Student Researcher: Melinda Xiong
Faculty Instructor: Julie Andrzejewski,
St. Cloud State University
The Environmental Protection Agency (EPA) is delaying two studies exposing infants and schoolchildren to pesticides and other hazardous chemicals. The studies have been cancelled until further notice based on ethical and perception concerns such as “ensuring the greatest confidence in the approaches used.” The experiments involve infants under three and school-aged children in the Las Vegas. These experiments are similar to research done in 2004 (called CHEERS) in the Florida area where parents were paid to spray pesticides in the rooms of their infant children.

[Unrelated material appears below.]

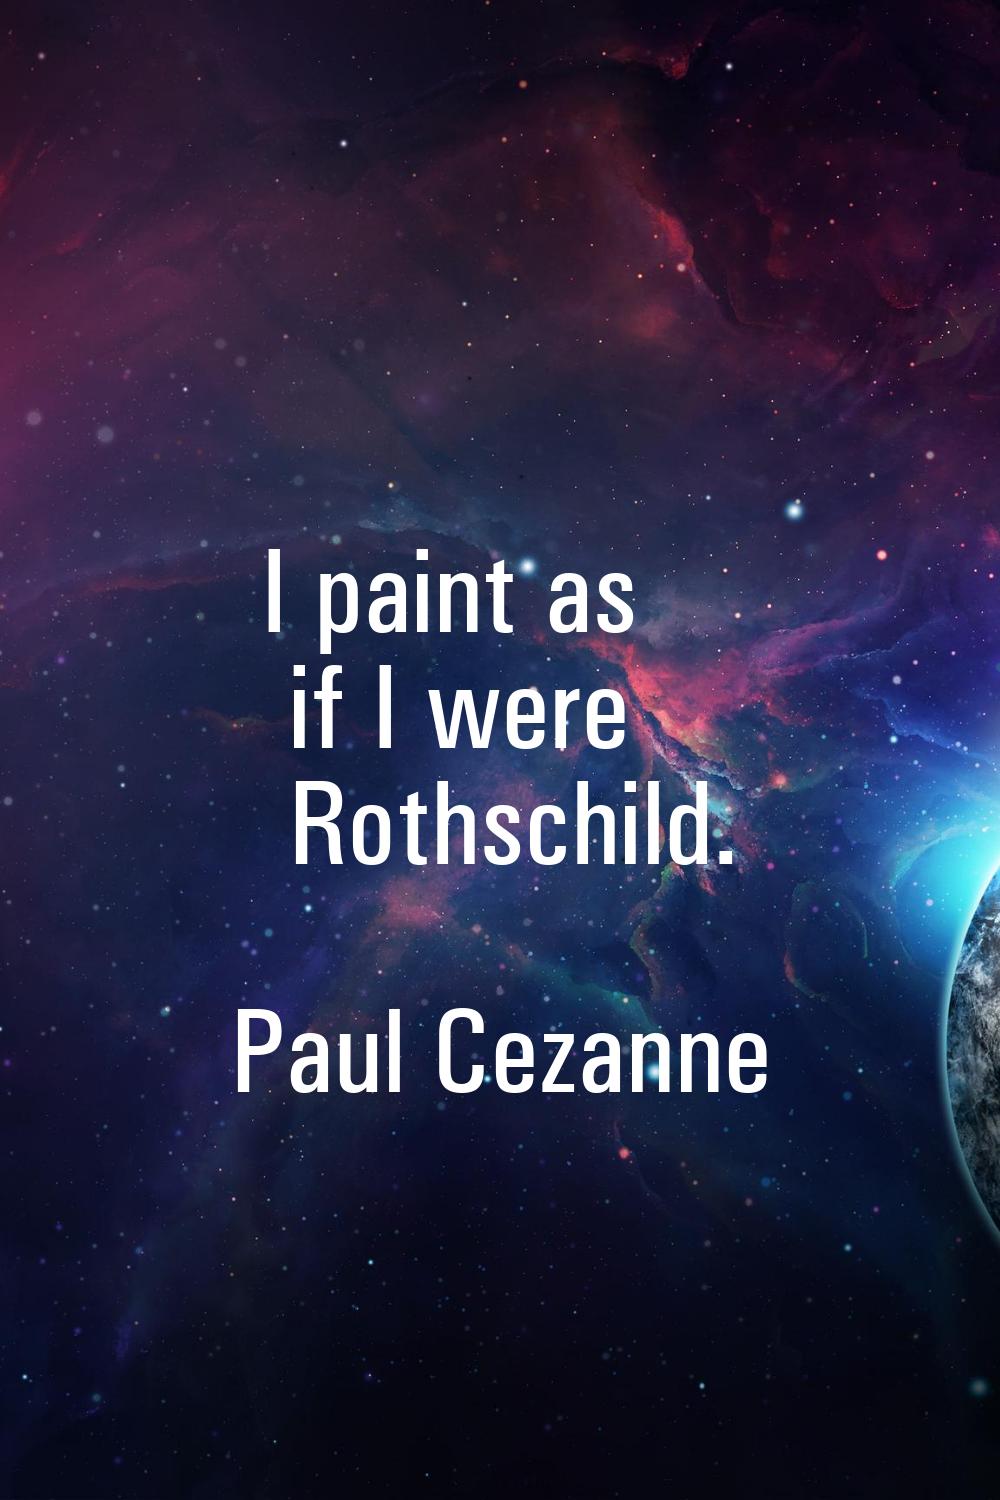 I paint as if I were Rothschild.

The EPA formally legalized human subject experimentation in February 2007 and made new efforts in their Agency Guidance Document to calm the public about using humans as subjects for chemical exposure. The Scientific and Ethical Approaches for Observational Exposure Studies (SAEOES) does not provided any guidance on ethical quandaries such as vulnerable populations, payments to participants and interest by scientists. The document does not have any rules to protect children used as experimental subjects. These EPA experiments legitimize more frequent human subject experiments by industry and corporate consultants. Corporate sponsored experiments are usually designed to justify higher human exposures to pesticides or other toxic chemical particularly for children while serving no discernible public health purposes.